Join Catherine Schmitt at the Northeast Harbor Library for a presentation based on On Western Mountain, her latest article in the 2026 edition of the MDI Historical Society’s annual journal, Chebacco. The program will be available in person and online via Zoom. Registration information is not yet available.
Parts of Mount Desert Island have been continuously forested for thousands of years, reflecting the unique landscape and millennia of human relations. From Wabanaki caretakers to the European explorers, investors, and colonists who sought to make the forest their own, the history of people here is intertwined with the trees.
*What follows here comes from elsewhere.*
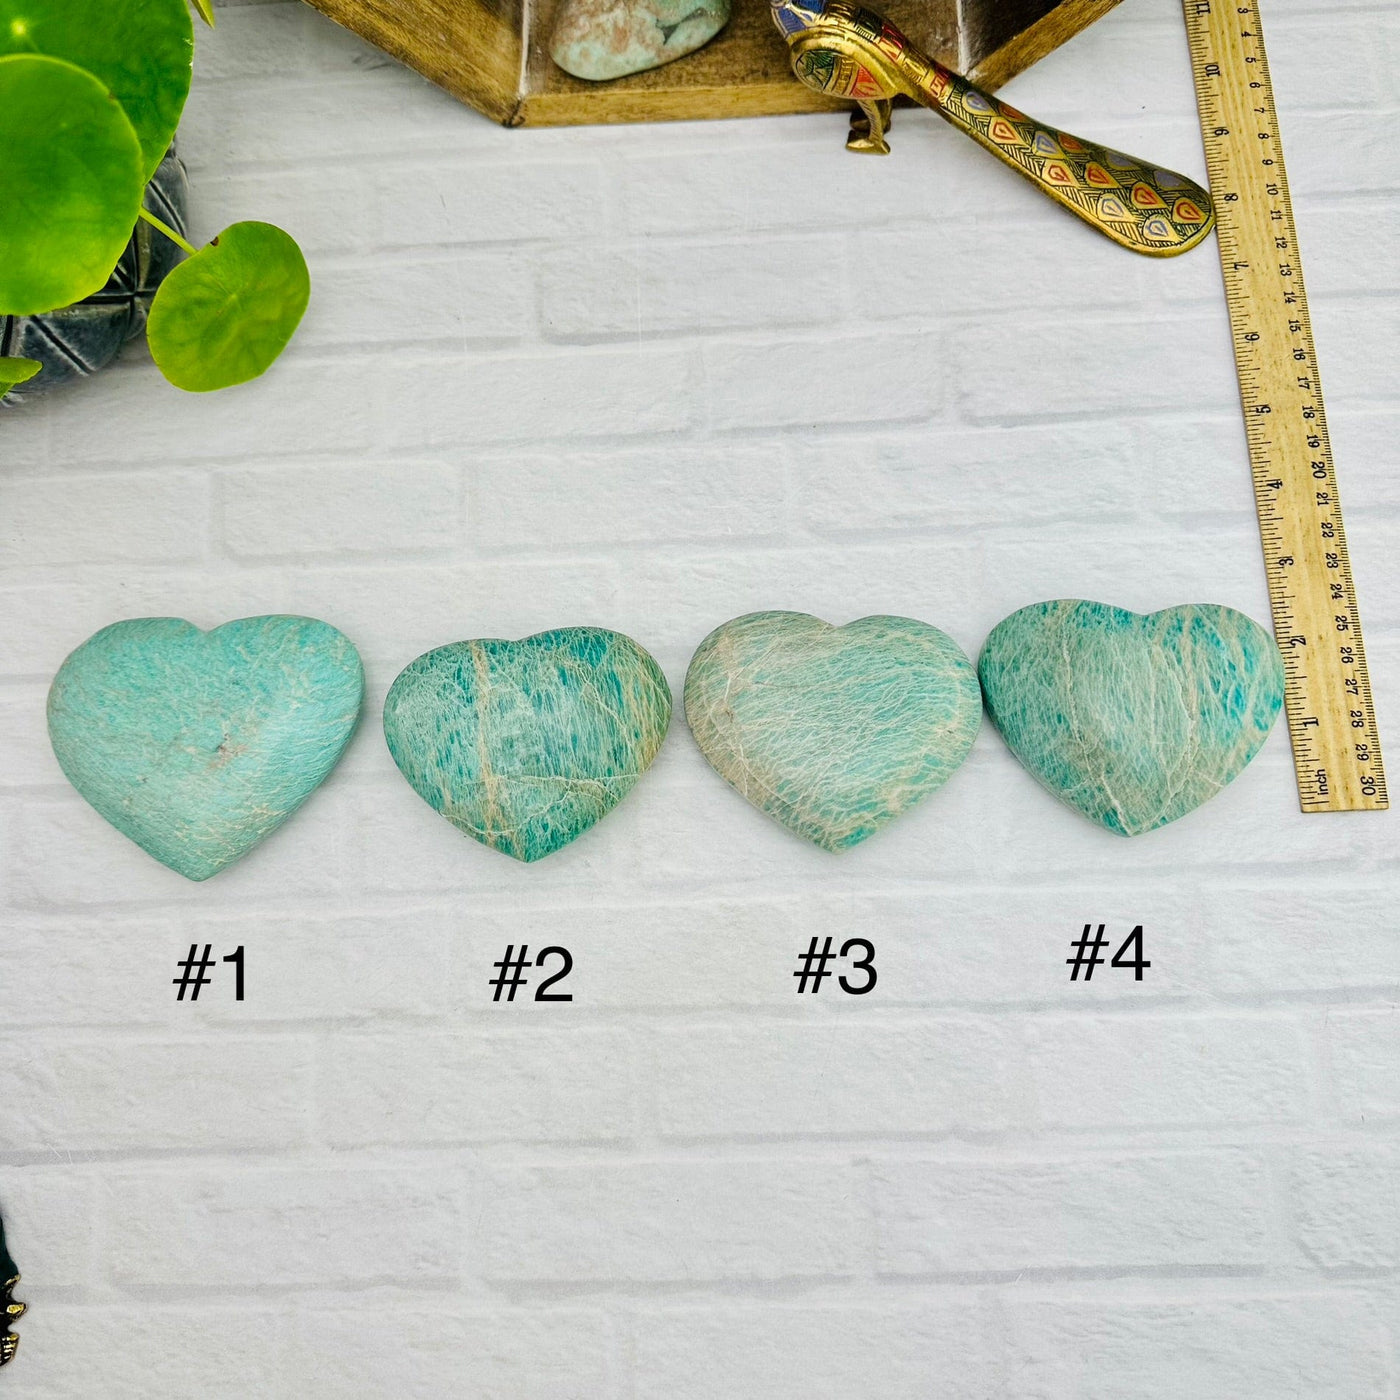 Polished Amazonite Heart - YOU CHOOSE - all four choices next to a ruler for size refence 
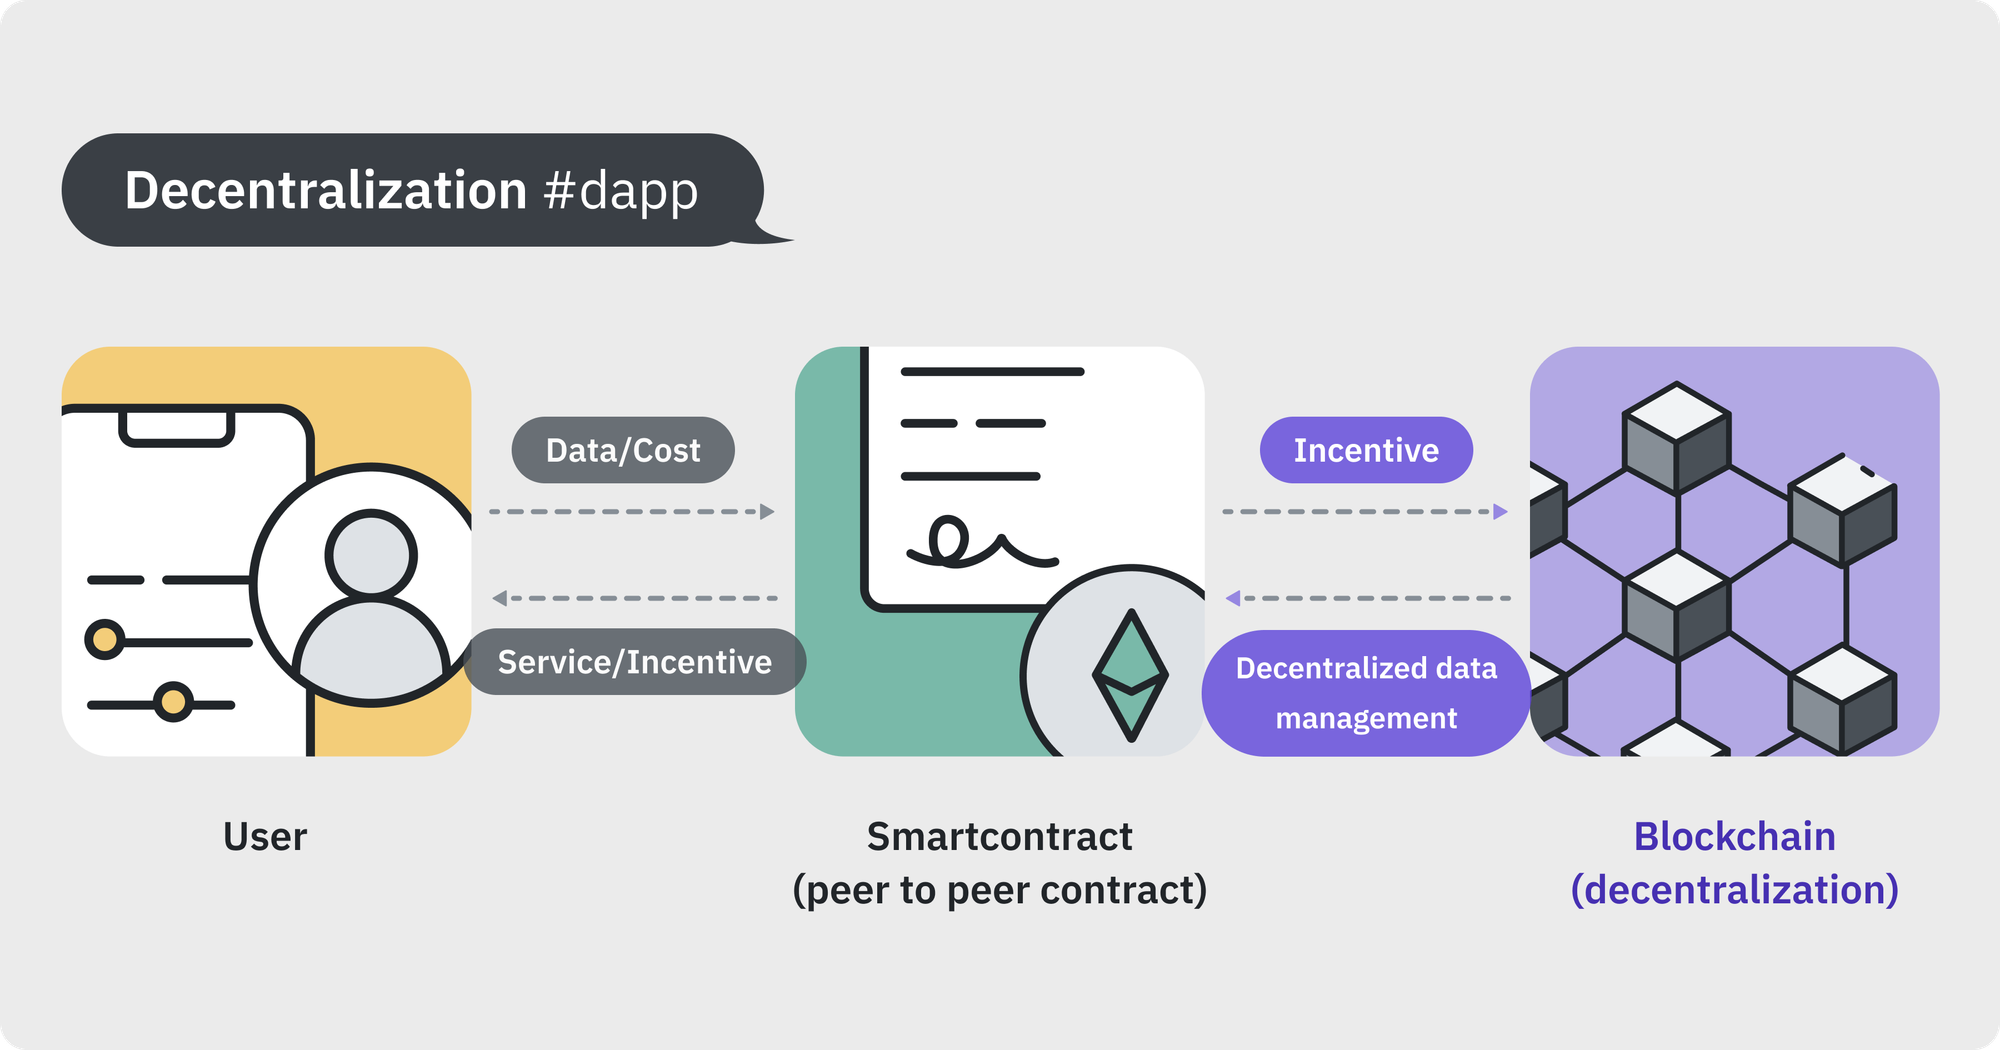 Instead of exchanging data on a centralized platform, a distributed network maintains data in a decentralized structure.

The pursuit of white pine that inspired the American Revolution reached the shores of Frenchman Bay, while hills of oak and pitch pine helped fuel the emerging economy of a nation. As the island’s conifers filled sluiceways, tanneries, and sawmills, concern for the fate of the forest inspired another revolutionary idea: people coming together to make decisions about the future of the landscape, preserving the forests that remain vital to the pursuit of democracy today.
Catherine Schmitt is the author of Trees of Acadia: The Past, Present & Future of Park Forests, published in Spring 2026 from Down East Books, and a science communication specialist with Schoodic Institute at Acadia National Park. She has contributed to the MDI Historical Society’s history journal, Chebacco, for over a decade.